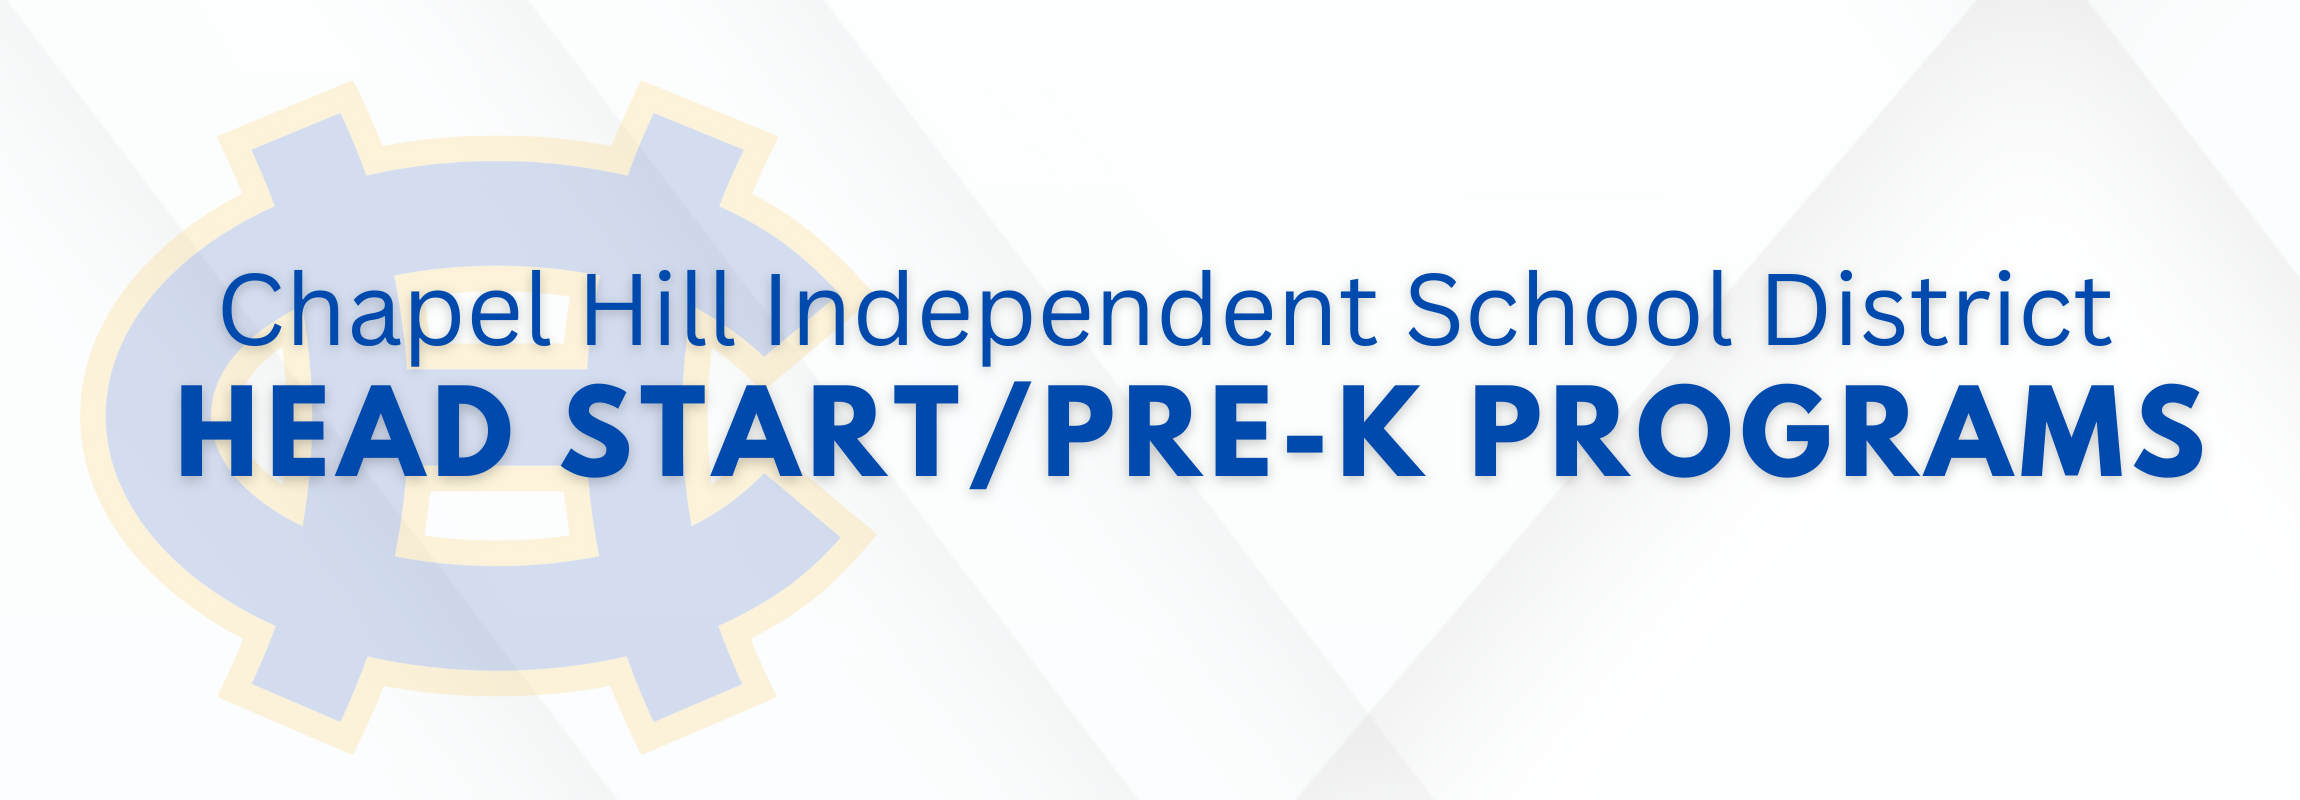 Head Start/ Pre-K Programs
═══
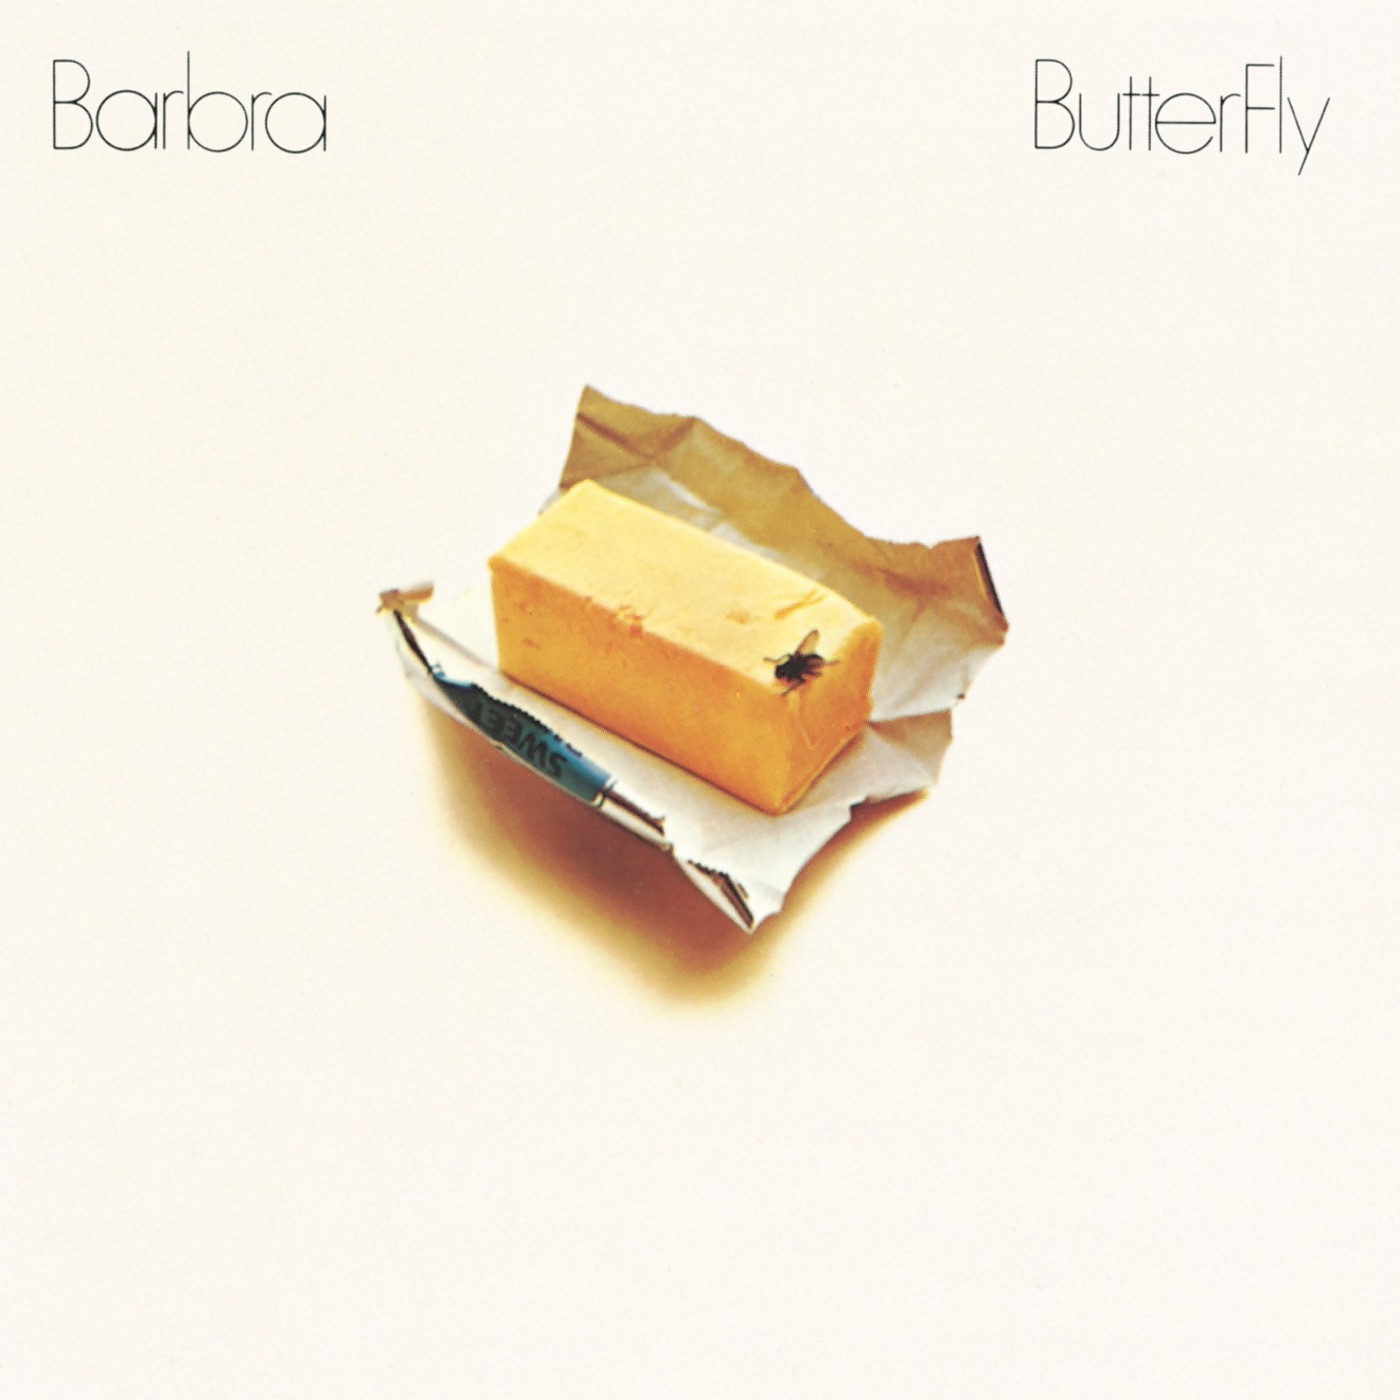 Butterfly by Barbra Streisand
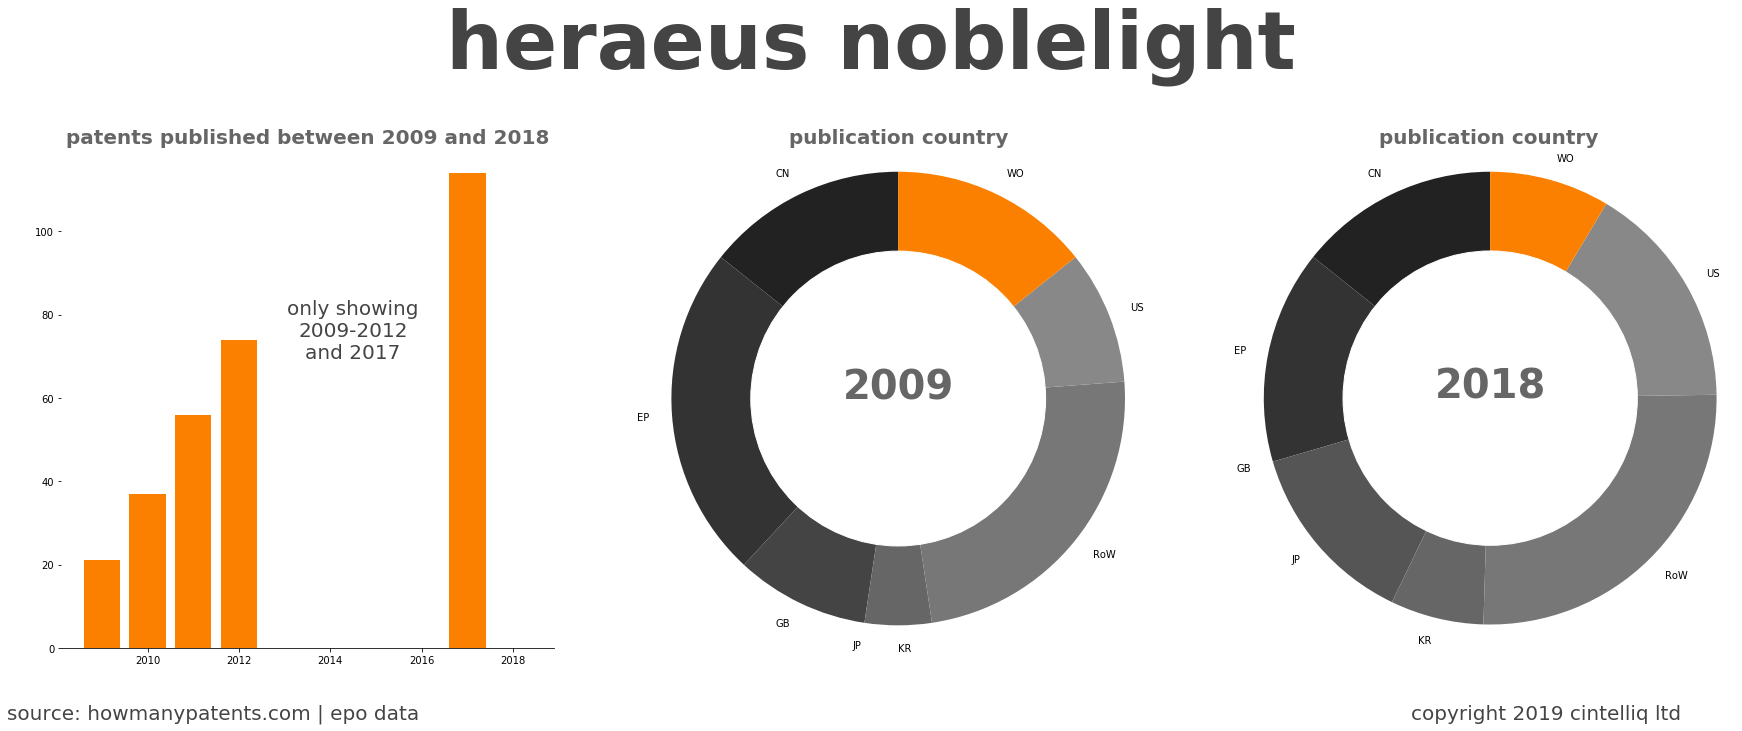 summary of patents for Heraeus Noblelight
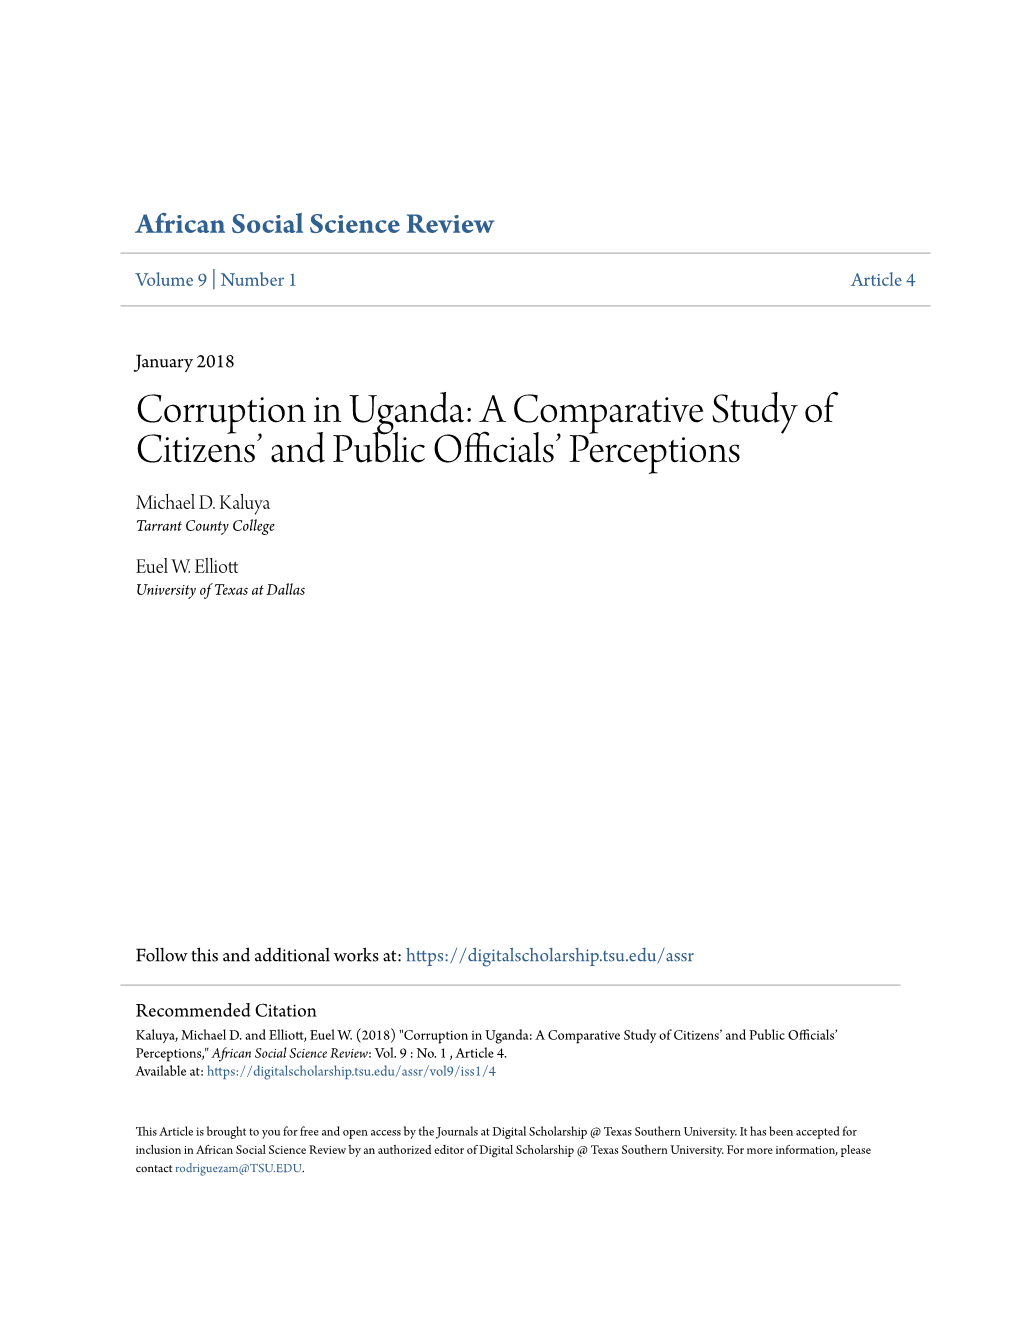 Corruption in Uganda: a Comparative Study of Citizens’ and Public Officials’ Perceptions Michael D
═══
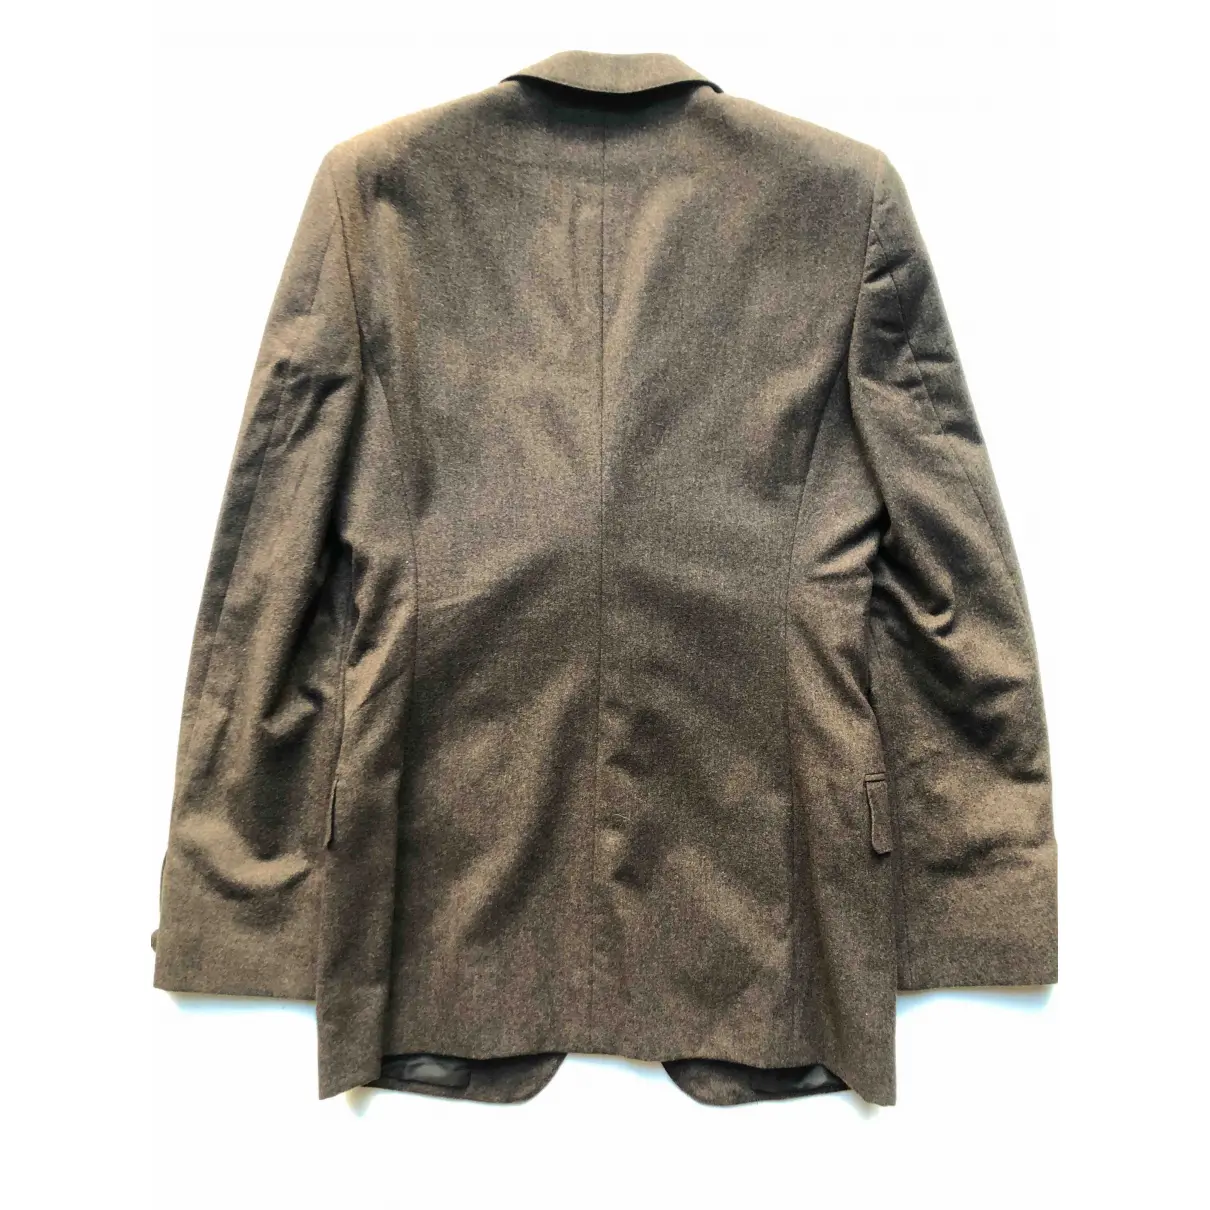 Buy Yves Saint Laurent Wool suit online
═══
◆ WHAT TO DO ◆
Above are the records; copy exactly the lines from the one with "summary of patents for Heraeus Noblelight" through the one with "Corruption in Uganda: a", including both, and nothing more. Leave out pictures.

◆ ANSWER ◆
 summary of patents for Heraeus Noblelight
 Corruption in Uganda: a Comparative Study of Citizens’ and Public Officials’ Perceptions Michael D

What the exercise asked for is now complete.